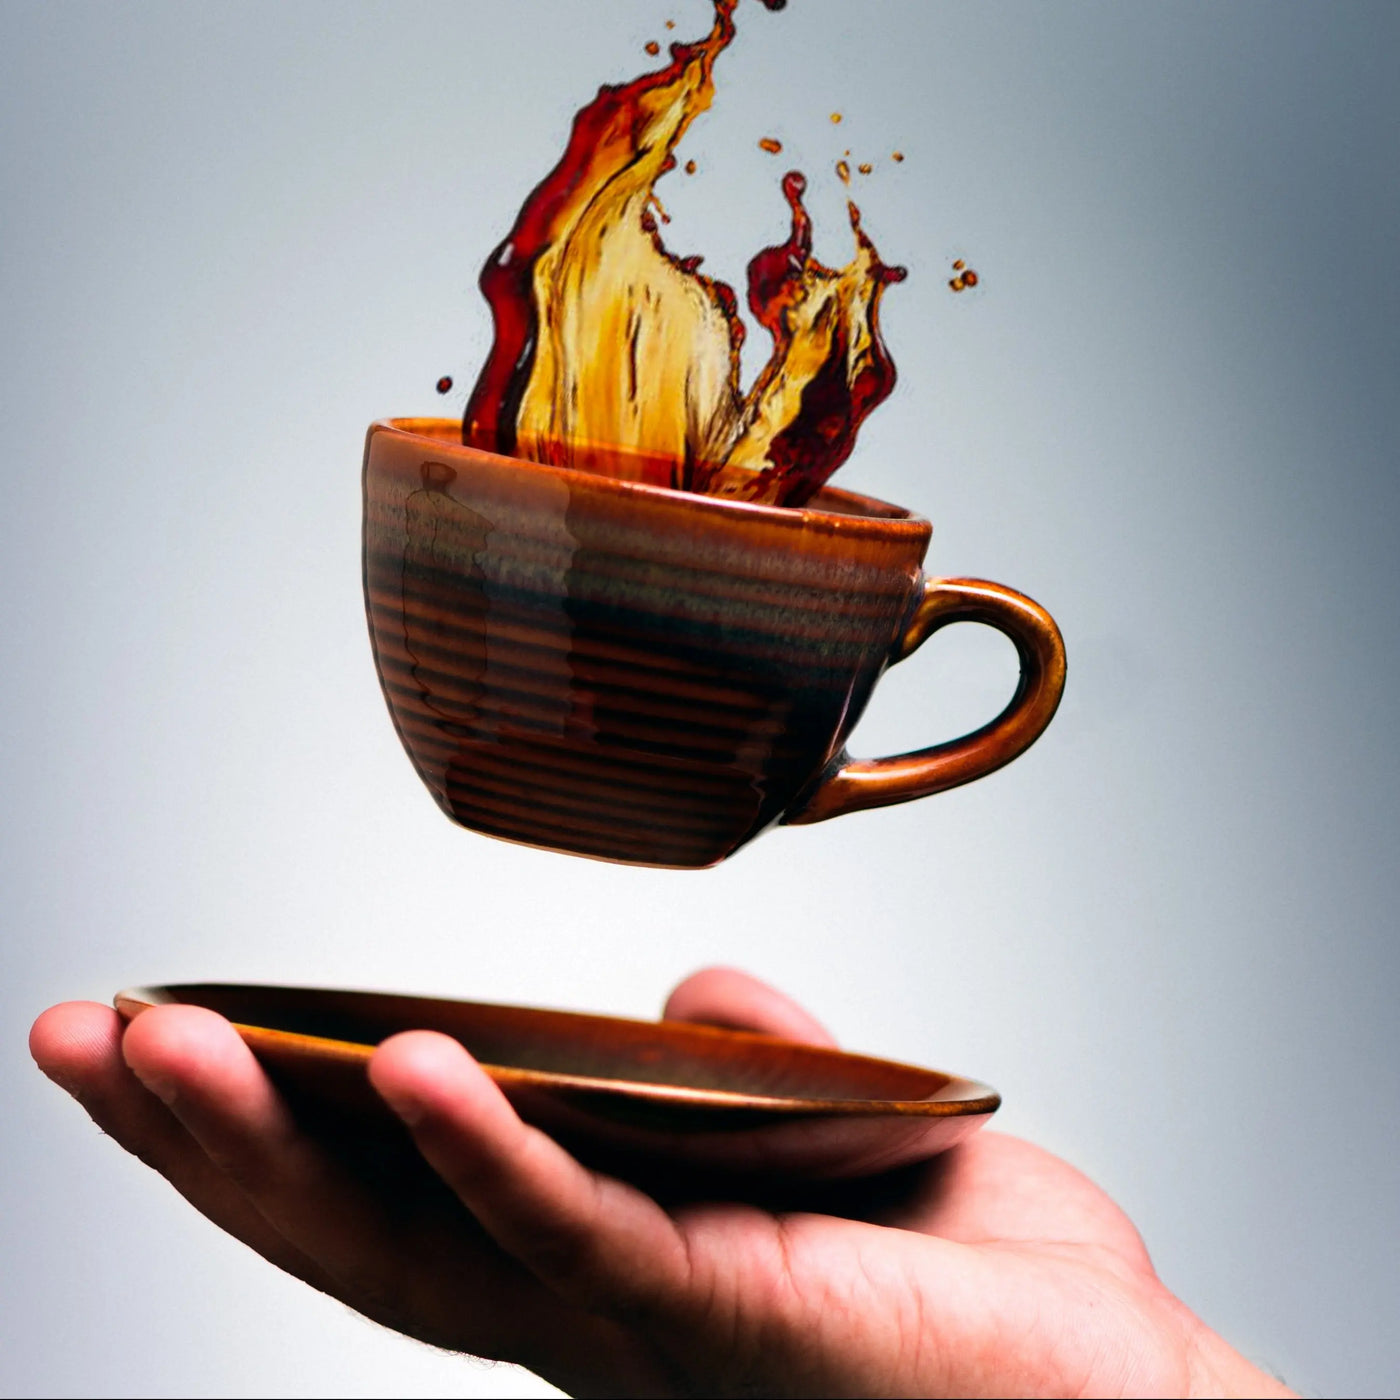 Vriksh Ceramic Tea Cup and Saucer Set of 4 Amalfiee_Ceramics
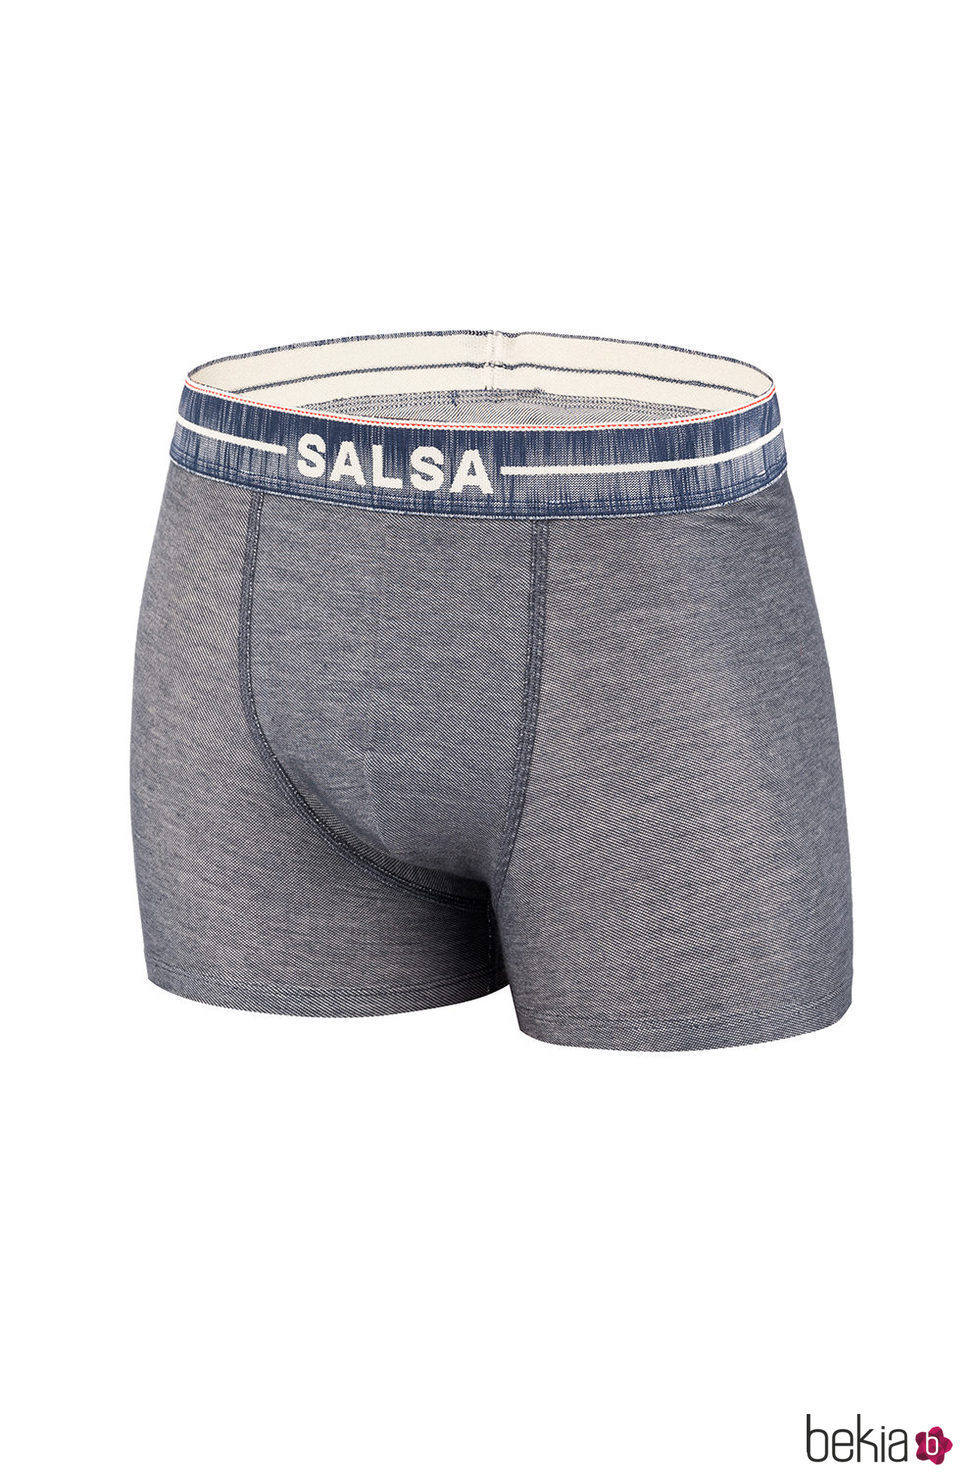 Calzoncillo gris claro de la colección de accesorios para la temporada de primavera/verano 2018 de Salsa.
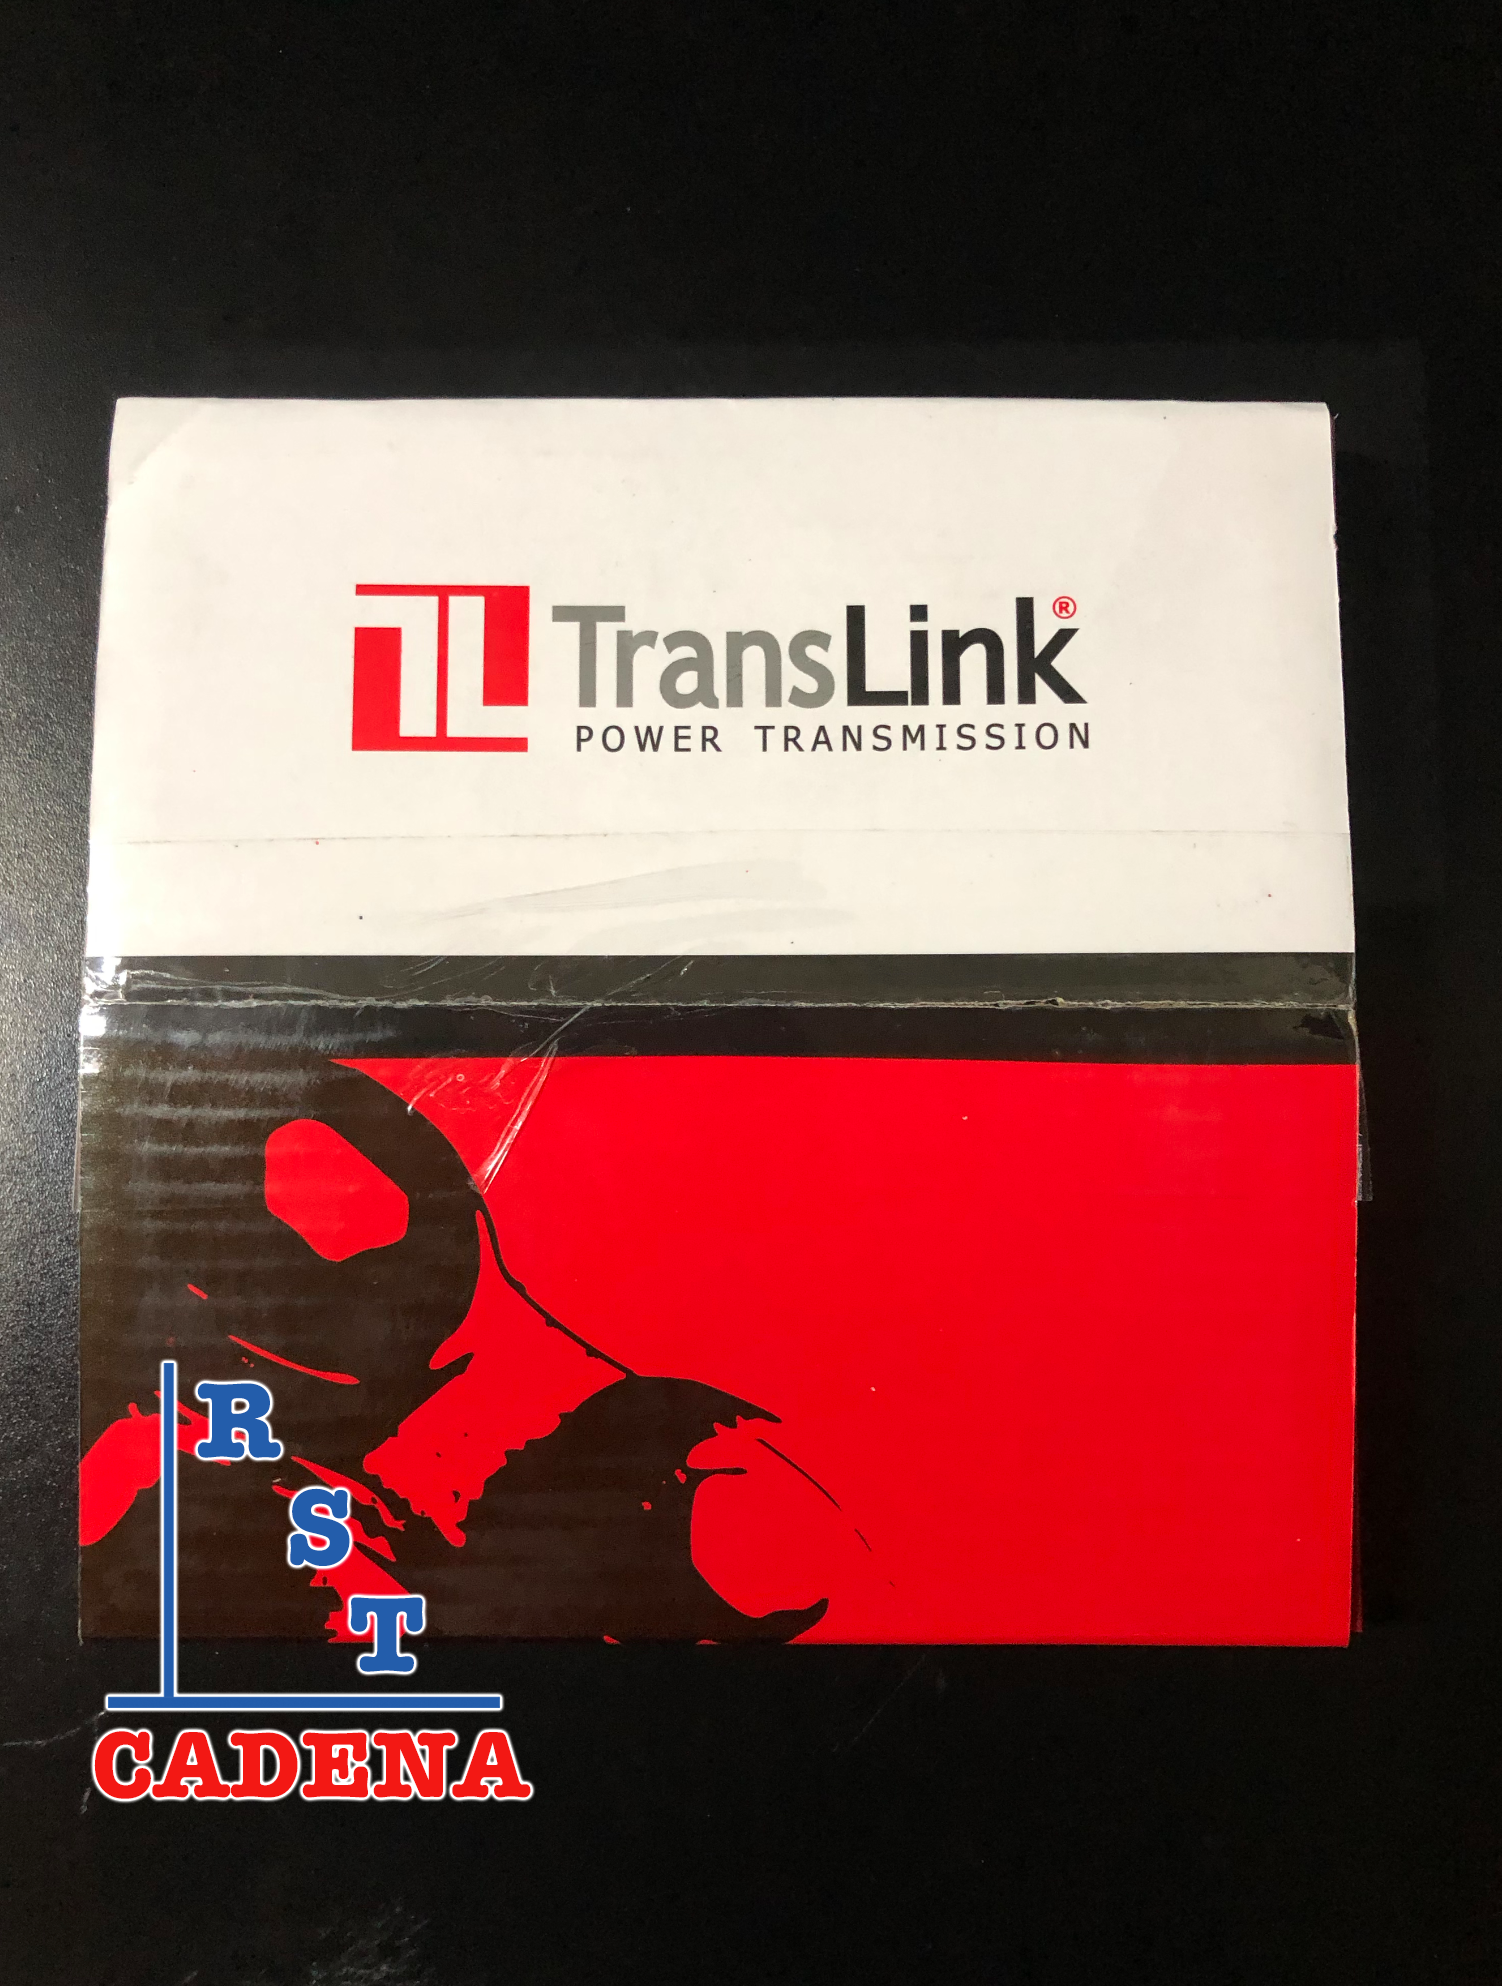 Caja de cadena paso 140-2 TransLink - 0

*Prompt:*
Skipping any pictures, transcribe the full listing exactly.

*Response box:*
 Vriksh Ceramic Tea Cup and Saucer Set of 4 Amalfiee_Ceramics
 Calzoncillo gris claro de la colección de accesorios para la temporada de primavera/verano 2018 de Salsa.
 Caja de cadena paso 140-2 TransLink - 0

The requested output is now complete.